On a longtemps pensé que pour qu’un enseignant soit un bon modèle de lecteur, il devait lire devant ses élèves. Une jolie mode, comme on en voit beaucoup dans notre domaine, mais qui n’a pas fait ses preuves et donne peu de résultats tangibles sur l’apprentissage, ni même sur la perception des élèves sur le lecteur adulte que l’on est. On sait maintenant que pendant que les élèves lisent, la meilleure façon d’élever le niveau de compétence est de mener des entretiens individuels ou des petits groupes de travail. Le temps que j’ai pour enseigner est précieux et il me semble que je n’en aie jamais assez pour tout faire: je n’ai vraiment pas le temps de lire mon roman personnel dans une journée de classe. Je ne lis jamais mes romans devant mes élèves, et pourtant, ils savent que je suis une lectrice avide…

Ils le savent parce que je leur lis des livres chaque jours. Plus qu’un. Parce que le lundi, ou après un long congé, j’arrive souvent avec un sac de nouveautés littéraires, et quand, en entrant dans la classe, ils voient un sac près de mon banc au coin rassemblement, ils disent: « Encore des livres! ». Parce que je leur fais des suggestions selon leurs intérêts. Parce qu’Annie, Nathalie ou Jocelyne me rapportent le livre que je leur ai prêté, ou m’en apporte un qu’elles viennent de terminer, pendant que les élèves sont là. On prend le temps de se parler un peu du livre, rapidement, de notre appréciation. Ils sont témoins de notre vie de lectrices. Parce qu’il y a des milliers de livres dans la classe, et que je leur parle des auteurs et illustrateurs que j’aime. Et que chaque année ils en rencontrent eux aussi: Marisol Sarrazin, Marianne Dubuc, Mathieu Lavoie, Rogé, Marie Demers, Yves Nadon, Nadine Poirier, Michael Escoffier sont quelques uns des auteurs et illustrateurs chouchous que nous avons accueilli au fil des années.
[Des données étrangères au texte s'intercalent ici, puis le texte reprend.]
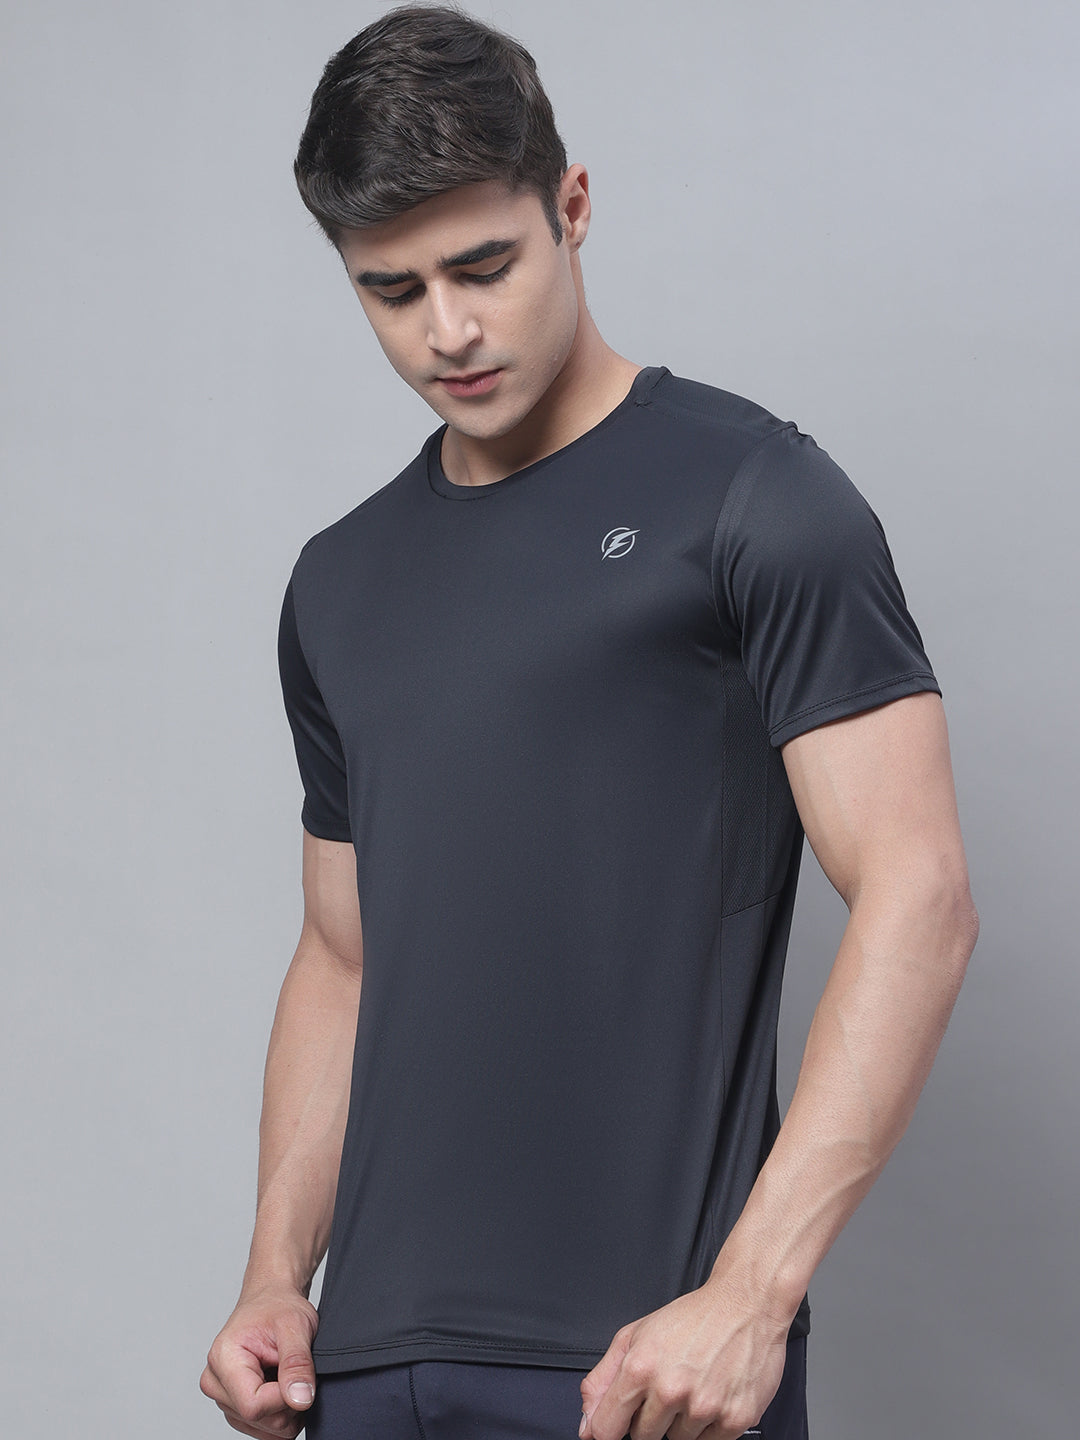 Men Half Sleeves Black Round Neck Sports T-shirt - Friskers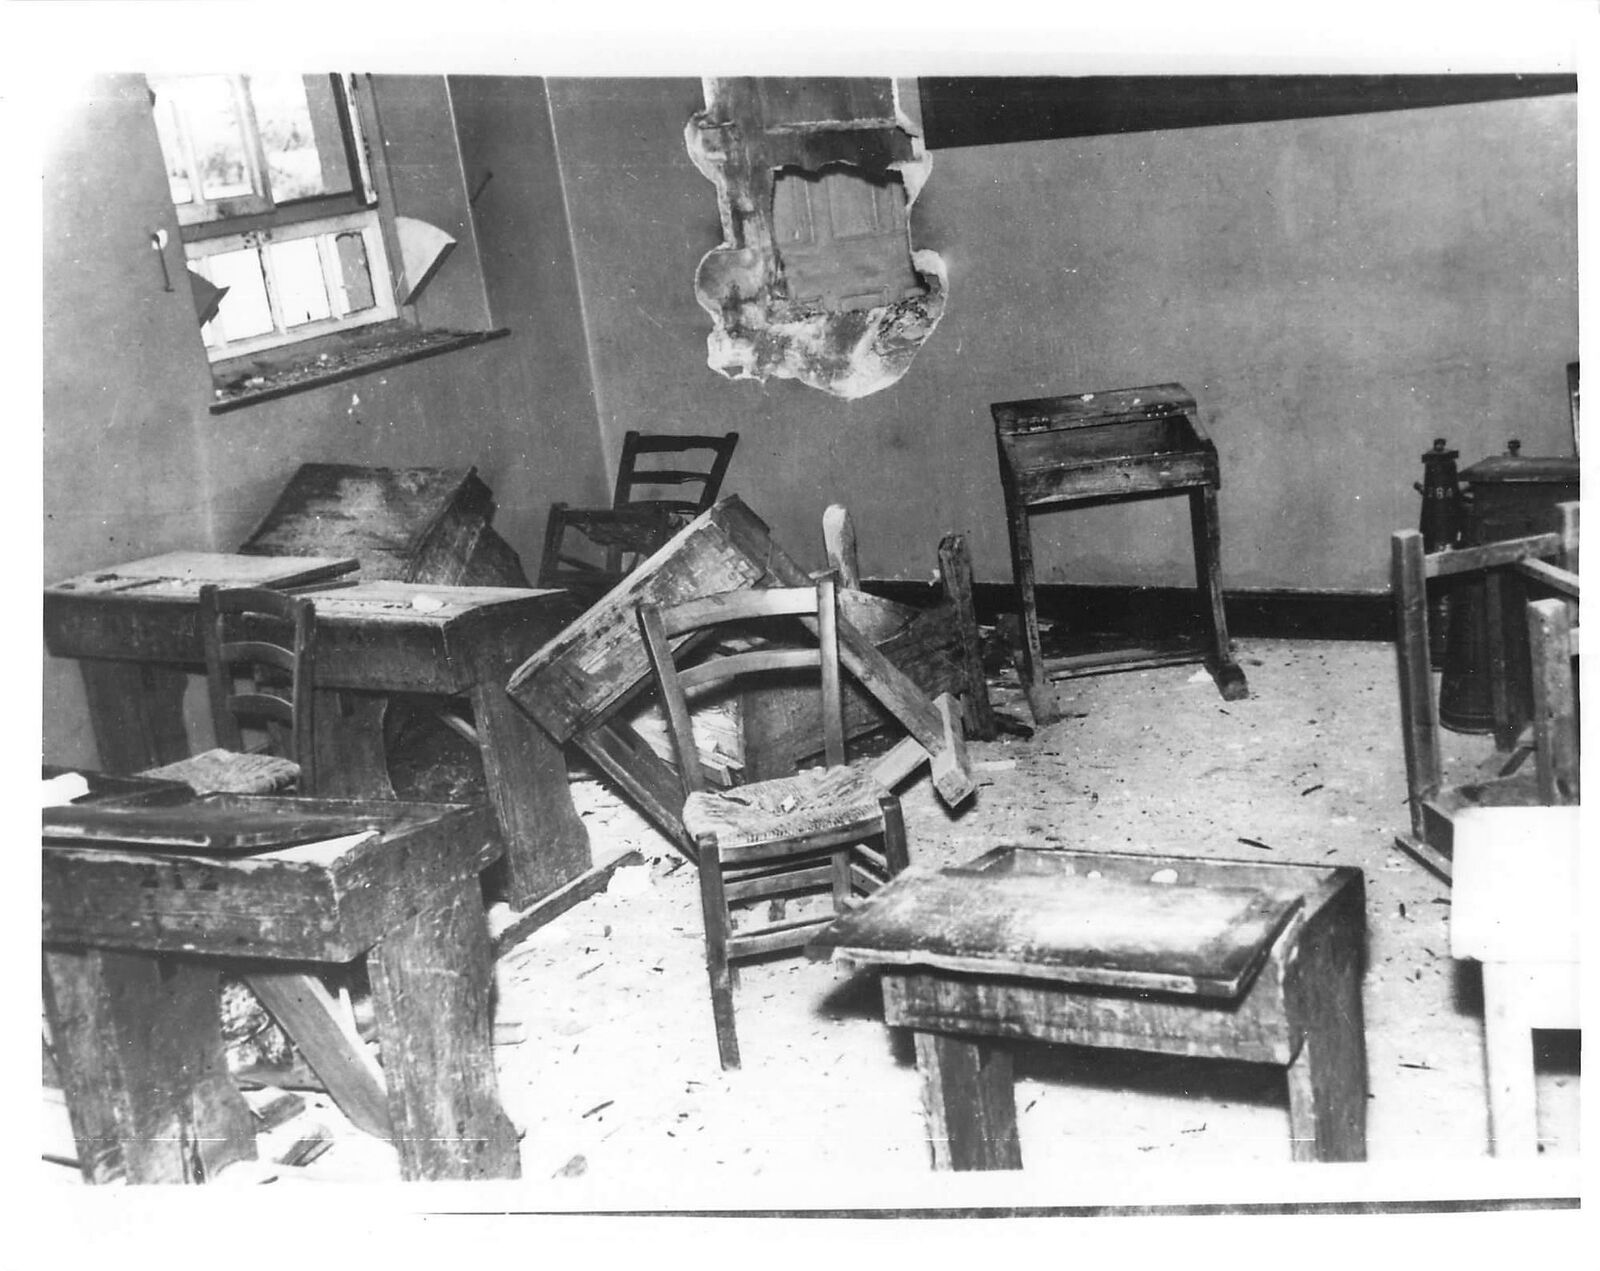 1959 Press Photo Nicosia English School Exploded by Bombs Damaged Classroom kg

Parce que je leur donne parfois des exemples tirés de mon expérience de lectrice (Les adultes aussi cherchent des mots dont ils ne connaissent pas la signification, même s’ils sont faciles à lire! J’ai appris ce qu’est le test de Borsalino en lisant le roman Shantaram, de Gregory David Roberts)…

Chaque geste compte en classe lorsqu’on voit l’apprentissage de la lecture comme une façon de forger son identité. S’ils ont un modèle authentique de lecteur, de lectrice, devant eux, les élèves nous font confiance et s’engagent davantage parce qu’ils voient que notre discours est authentique.

Quand Violette, dans son livre informatif « Tout sur Martine Arpin », écrit un chapitre qui a pour titre: La passion de la lecture, quand je lis Mon arbre, nouveauté de Marianne Dubuc, et qu’à la page où il y a une taupe qui adore les livres, plusieurs élèves s’exclament «Comme toi! », et quand un élève apporte de la maison un livre choisi avec soin pour un autre, alors je sais que j’ai trouvé l’équilibre entre la technique, la compréhension et l’amour de la lecture. Dans cette classe, Nous sommes lecteurs. Ça fait partie de notre identité. C’est la seule façon non seulement d’apprendre à lire, mais aussi de créer des lecteurs pour la vie, que leur plaisir de lire puisse vivre en dehors des murs de l’école.